Day Software goes from DAM-lite to DAM-heavy
Switzerland-based Web CMS vendor Day Software has always prided itself on offering customers additional capabilities for managing image assets. Now the company has built up and rolled out a formal Digital Asset Management (DAM) product called "CQ DAM."
This raises an interesting question. What does it mean to manage media assets? As Web CMS Report readers know, most Web CMS tools can now bring relatively advanced capabilities for managing generic binary files (versioning, extended metadata, workflow, WebDAV-based contribution, etc.). Same for many Document Management products. Some Web CMS products now also provide basic browser-based editing, scaling, and cropping of web images...if you dare.

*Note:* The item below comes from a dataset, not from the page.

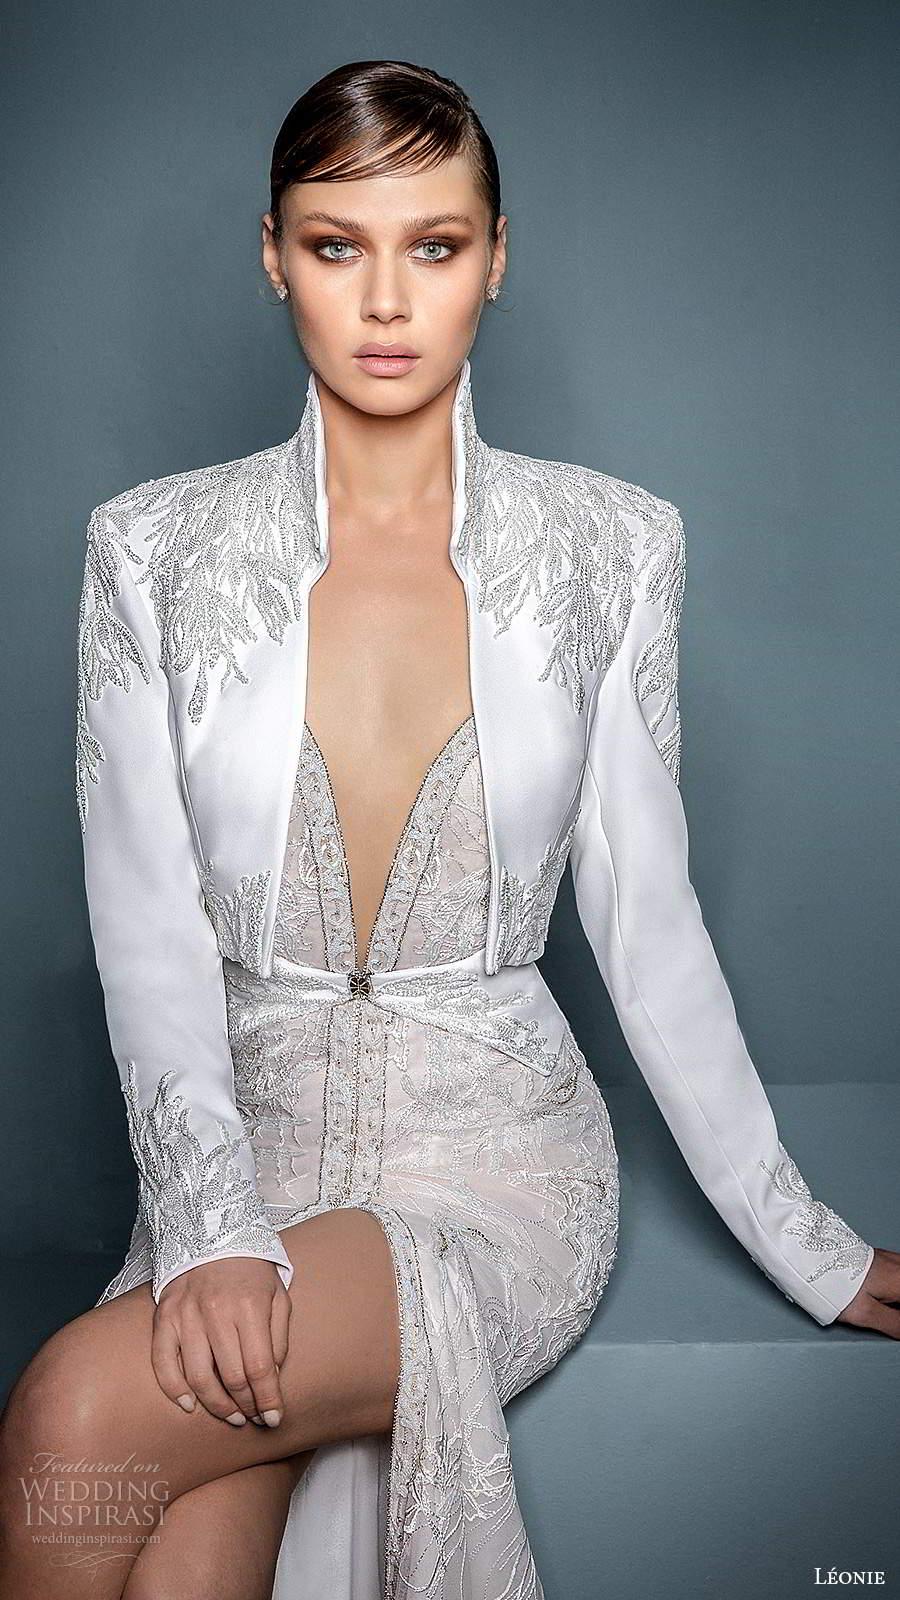 leonie bridal 2020 bridal sleeveless thin straps plunging v neckline embellished fit flare mermaid wedding dress slit skirt chapel train jacket (1) zv

But true digital asset management as it is understood (and needed) by dedicated creative professionals is something else. With heavyweight DAM you start to see much higher levels of sophistication (and complexity -- which means cost, too), including watermarking, digital rights management, autoextraction, and plug-ins to specific desktop tools. I haven't yet looked closely at the Day solution, but it looks like, at least from a feature perspective, the company is transitioning from DAM lite to DAM heavy.
Day's flagship CQ product still focuses on Web Content Management, where its offering is comparatively advanced. Clearly they are counting on some customers needing similarly broad asset management capabilities as well. Doubtless some will. But I suspect most enterprise web teams would do well to start with the kind of DAM-lite services that existing repositories might provide, before going big-time here.
Just don't expect to see (or try to build) DAM-heavy services in a DAM-lite platform. The transition from simply versioning a video file to decomposing it into individual images and audio snippets is a very big step. Plan carefully before you take it.